START Input material

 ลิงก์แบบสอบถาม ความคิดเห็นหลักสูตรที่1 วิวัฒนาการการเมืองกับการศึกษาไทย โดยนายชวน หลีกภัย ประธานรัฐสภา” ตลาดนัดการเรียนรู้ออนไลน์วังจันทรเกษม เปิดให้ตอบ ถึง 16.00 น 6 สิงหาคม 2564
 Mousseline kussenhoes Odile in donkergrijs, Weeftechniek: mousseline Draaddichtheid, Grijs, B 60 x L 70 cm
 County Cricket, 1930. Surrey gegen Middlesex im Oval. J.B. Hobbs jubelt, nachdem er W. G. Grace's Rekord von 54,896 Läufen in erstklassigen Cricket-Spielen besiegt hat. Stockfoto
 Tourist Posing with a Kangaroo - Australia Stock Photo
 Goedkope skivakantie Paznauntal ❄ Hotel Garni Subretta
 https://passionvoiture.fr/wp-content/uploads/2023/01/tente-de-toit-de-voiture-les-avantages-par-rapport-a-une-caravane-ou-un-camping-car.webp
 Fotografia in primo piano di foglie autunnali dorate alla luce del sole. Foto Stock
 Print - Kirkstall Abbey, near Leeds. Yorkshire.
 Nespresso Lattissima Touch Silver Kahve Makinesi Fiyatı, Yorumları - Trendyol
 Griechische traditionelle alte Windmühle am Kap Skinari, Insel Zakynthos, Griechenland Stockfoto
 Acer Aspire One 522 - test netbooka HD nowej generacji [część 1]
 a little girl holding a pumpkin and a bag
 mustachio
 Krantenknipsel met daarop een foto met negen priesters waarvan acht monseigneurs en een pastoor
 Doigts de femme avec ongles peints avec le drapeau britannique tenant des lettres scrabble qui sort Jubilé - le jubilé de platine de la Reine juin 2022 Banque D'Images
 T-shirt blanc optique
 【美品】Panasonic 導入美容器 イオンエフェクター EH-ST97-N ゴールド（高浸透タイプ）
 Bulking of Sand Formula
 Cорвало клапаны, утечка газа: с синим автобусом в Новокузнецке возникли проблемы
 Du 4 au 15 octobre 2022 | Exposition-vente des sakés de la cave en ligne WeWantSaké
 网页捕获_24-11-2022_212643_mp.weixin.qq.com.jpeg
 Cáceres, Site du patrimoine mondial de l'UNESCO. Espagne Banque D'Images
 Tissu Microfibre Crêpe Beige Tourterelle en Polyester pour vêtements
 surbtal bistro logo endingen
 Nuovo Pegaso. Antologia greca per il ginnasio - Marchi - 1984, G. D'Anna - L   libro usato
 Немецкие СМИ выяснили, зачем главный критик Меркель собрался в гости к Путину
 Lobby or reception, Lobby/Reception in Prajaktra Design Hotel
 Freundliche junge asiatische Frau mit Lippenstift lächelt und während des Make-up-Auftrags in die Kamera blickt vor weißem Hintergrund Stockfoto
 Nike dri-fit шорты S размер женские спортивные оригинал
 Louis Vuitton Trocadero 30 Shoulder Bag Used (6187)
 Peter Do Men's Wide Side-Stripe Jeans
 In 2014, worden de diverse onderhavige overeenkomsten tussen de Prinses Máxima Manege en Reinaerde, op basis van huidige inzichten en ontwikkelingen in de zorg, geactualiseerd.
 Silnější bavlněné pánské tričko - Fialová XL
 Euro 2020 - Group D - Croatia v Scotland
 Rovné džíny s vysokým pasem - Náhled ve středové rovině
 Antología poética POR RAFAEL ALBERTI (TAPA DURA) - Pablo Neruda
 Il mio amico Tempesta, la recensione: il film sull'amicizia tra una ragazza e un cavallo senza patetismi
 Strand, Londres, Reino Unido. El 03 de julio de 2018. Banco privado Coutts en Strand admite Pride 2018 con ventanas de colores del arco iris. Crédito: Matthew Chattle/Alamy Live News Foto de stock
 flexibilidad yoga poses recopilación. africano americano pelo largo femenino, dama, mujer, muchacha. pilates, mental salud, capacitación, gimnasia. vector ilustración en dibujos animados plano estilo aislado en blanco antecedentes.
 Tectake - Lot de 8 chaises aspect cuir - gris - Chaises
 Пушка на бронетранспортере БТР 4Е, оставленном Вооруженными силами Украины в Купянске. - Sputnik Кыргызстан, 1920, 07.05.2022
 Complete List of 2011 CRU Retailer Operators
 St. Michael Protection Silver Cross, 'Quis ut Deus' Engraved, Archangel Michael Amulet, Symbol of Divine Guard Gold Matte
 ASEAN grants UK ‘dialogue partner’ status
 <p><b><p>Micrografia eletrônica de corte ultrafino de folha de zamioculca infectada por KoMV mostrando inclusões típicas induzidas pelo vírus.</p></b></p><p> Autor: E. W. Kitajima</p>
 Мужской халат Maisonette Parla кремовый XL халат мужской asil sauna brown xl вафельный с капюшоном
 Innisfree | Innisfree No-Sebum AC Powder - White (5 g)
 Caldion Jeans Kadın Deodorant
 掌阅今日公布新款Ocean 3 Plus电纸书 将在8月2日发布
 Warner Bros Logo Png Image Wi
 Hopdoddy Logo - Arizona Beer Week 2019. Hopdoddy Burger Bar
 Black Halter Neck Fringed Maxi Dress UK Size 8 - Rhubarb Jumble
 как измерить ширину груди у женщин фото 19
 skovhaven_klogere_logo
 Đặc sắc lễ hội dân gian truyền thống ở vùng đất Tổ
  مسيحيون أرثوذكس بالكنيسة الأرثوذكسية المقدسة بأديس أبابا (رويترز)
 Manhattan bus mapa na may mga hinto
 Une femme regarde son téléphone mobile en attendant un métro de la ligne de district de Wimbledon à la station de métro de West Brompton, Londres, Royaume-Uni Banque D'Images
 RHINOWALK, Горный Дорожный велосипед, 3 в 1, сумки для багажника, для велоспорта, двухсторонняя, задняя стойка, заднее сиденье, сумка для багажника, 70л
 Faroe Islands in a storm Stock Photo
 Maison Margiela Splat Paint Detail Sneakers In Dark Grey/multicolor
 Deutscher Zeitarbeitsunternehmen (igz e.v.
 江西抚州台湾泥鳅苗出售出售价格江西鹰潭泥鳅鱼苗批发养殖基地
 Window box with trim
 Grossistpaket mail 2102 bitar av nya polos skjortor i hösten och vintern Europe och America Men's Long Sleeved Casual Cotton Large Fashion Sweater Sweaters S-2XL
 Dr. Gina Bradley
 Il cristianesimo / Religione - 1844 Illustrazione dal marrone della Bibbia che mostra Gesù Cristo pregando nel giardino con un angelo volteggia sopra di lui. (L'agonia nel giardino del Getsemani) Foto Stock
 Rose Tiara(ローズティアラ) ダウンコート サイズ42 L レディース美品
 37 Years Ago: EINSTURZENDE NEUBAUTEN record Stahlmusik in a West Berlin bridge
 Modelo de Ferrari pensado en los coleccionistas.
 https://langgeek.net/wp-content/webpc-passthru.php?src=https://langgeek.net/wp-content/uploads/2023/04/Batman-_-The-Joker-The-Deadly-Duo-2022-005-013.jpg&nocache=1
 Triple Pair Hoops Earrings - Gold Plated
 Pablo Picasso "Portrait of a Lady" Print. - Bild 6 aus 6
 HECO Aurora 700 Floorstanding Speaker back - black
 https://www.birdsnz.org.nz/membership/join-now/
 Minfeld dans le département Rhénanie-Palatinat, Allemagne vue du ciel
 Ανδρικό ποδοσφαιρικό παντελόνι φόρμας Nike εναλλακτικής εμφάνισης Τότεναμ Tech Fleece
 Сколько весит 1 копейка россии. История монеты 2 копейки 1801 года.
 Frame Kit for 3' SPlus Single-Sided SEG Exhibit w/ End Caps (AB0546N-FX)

END Input material

▸ **Exercise details**
Return, word for word, every line from the top of the entries down to the line that holds "Print - Kirkstall", both included.

▸ **Solved exercise**
 ลิงก์แบบสอบถาม ความคิดเห็นหลักสูตรที่1 วิวัฒนาการการเมืองกับการศึกษาไทย โดยนายชวน หลีกภัย ประธานรัฐสภา” ตลาดนัดการเรียนรู้ออนไลน์วังจันทรเกษม เปิดให้ตอบ ถึง 16.00 น 6 สิงหาคม 2564
 Mousseline kussenhoes Odile in donkergrijs, Weeftechniek: mousseline Draaddichtheid, Grijs, B 60 x L 70 cm
 County Cricket, 1930. Surrey gegen Middlesex im Oval. J.B. Hobbs jubelt, nachdem er W. G. Grace's Rekord von 54,896 Läufen in erstklassigen Cricket-Spielen besiegt hat. Stockfoto
 Tourist Posing with a Kangaroo - Australia Stock Photo
 Goedkope skivakantie Paznauntal ❄ Hotel Garni Subretta
 https://passionvoiture.fr/wp-content/uploads/2023/01/tente-de-toit-de-voiture-les-avantages-par-rapport-a-une-caravane-ou-un-camping-car.webp
 Fotografia in primo piano di foglie autunnali dorate alla luce del sole. Foto Stock
 Print - Kirkstall Abbey, near Leeds. Yorkshire.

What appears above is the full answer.